DATASET EXTRACT

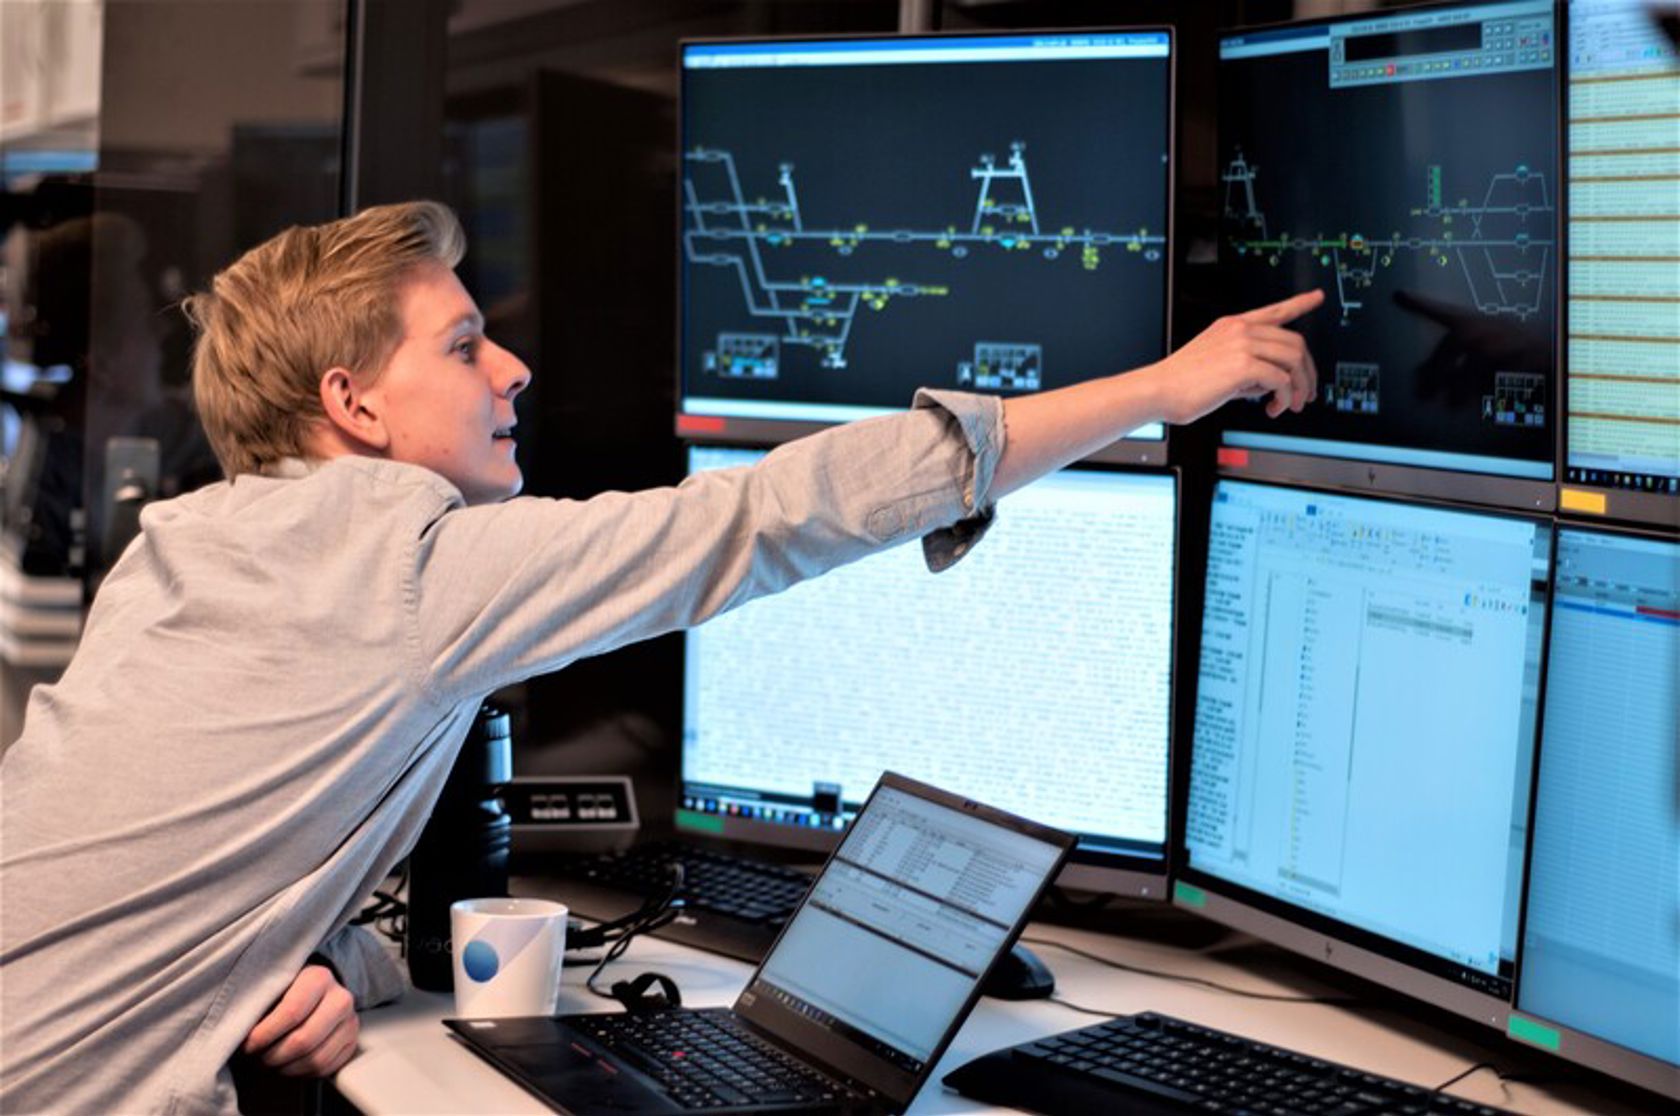 Mann som peker på skjermer over digitalt signalsystem.
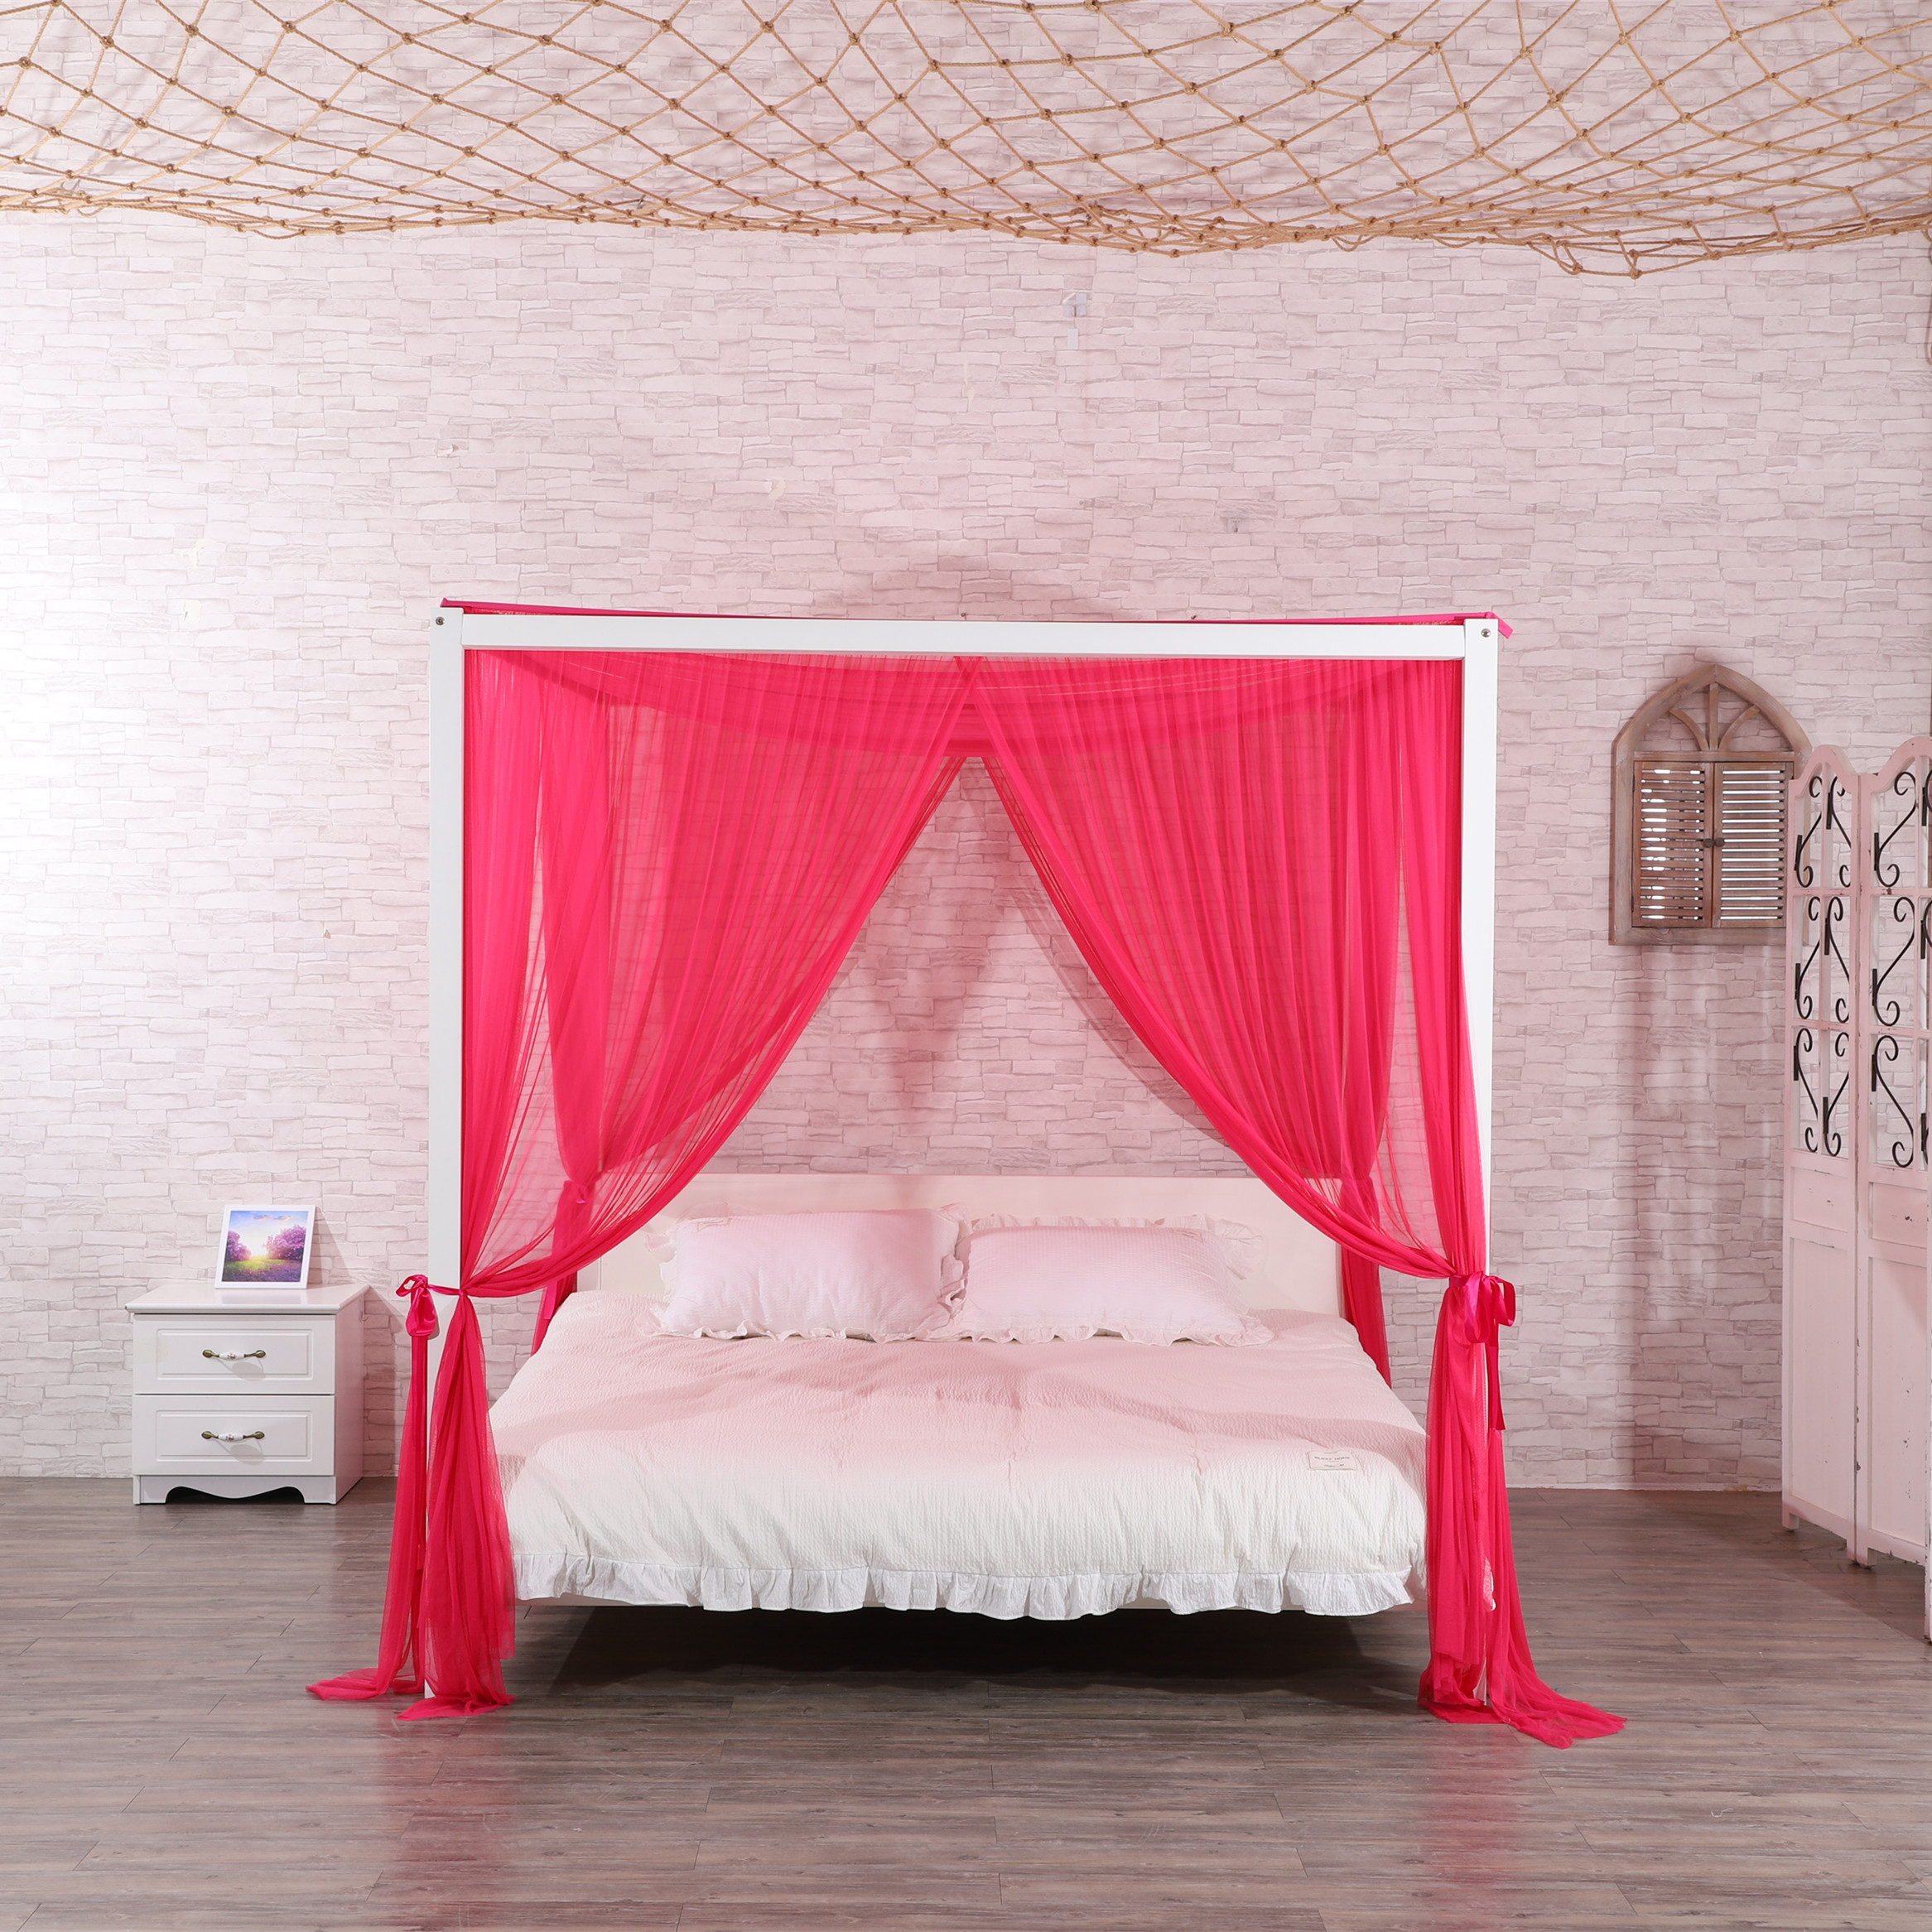 2020 nuevo estilo 100% poliéster de alta calidad forma Rectangular decoración del hogar red de cama doble mosquitera de tamaño King para cama
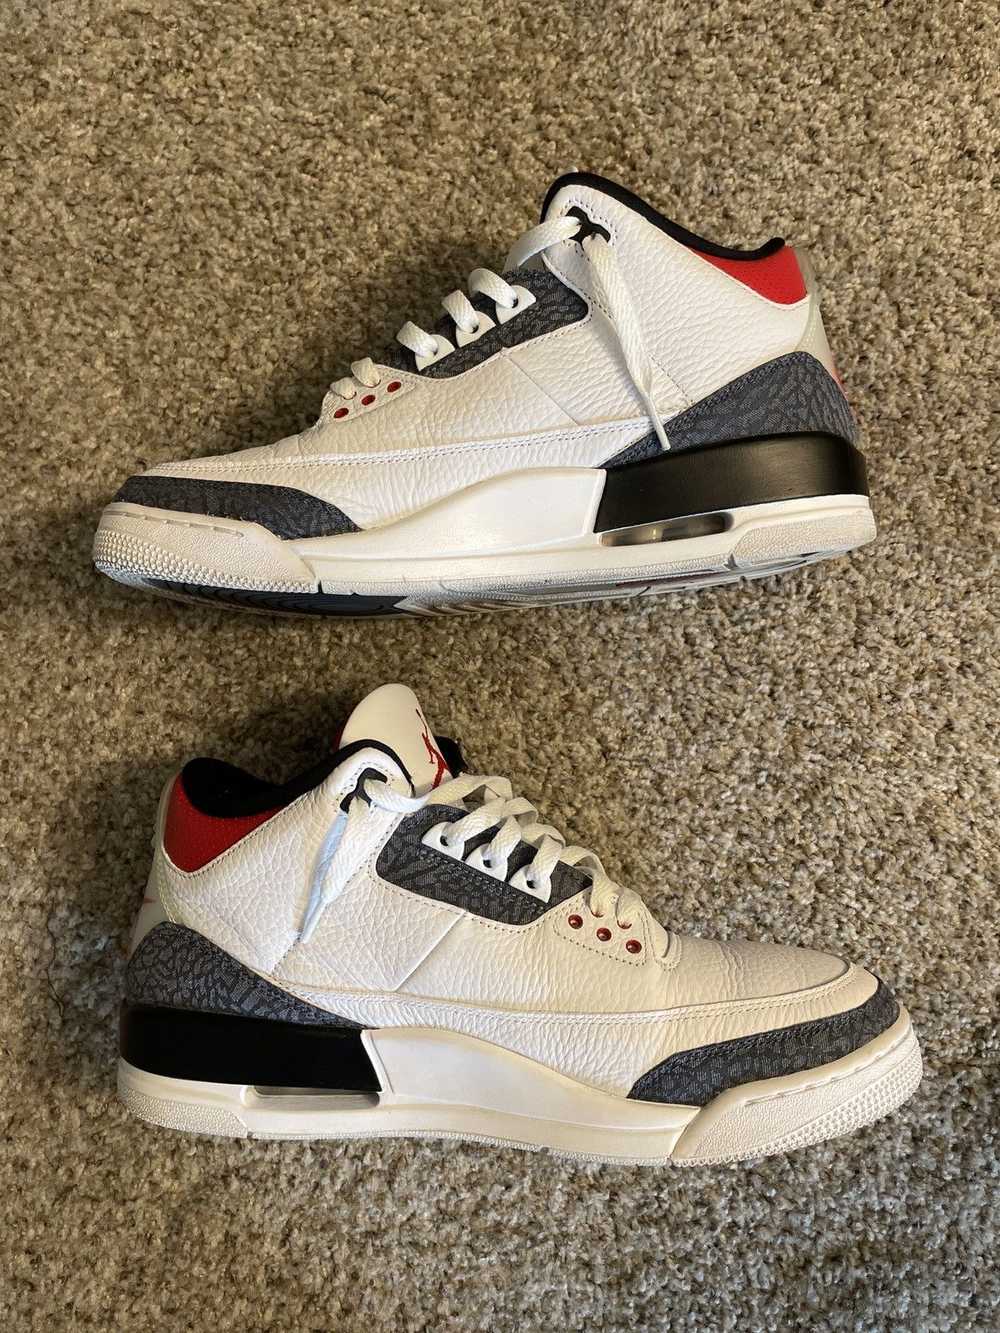 Jordan Brand × Nike Jordan 3 Retro “Denim” - image 4

WORK TO BE COMPLETED
The full text of the data above, exact and without pictures, is what to return.

RESPONSE TO THIS EXERCISE
 Mann som peker på skjermer over digitalt signalsystem.
 2020 nuevo estilo 100% poliéster de alta calidad forma Rectangular decoración del hogar red de cama doble mosquitera de tamaño King para cama
 Jordan Brand × Nike Jordan 3 Retro “Denim” - image 4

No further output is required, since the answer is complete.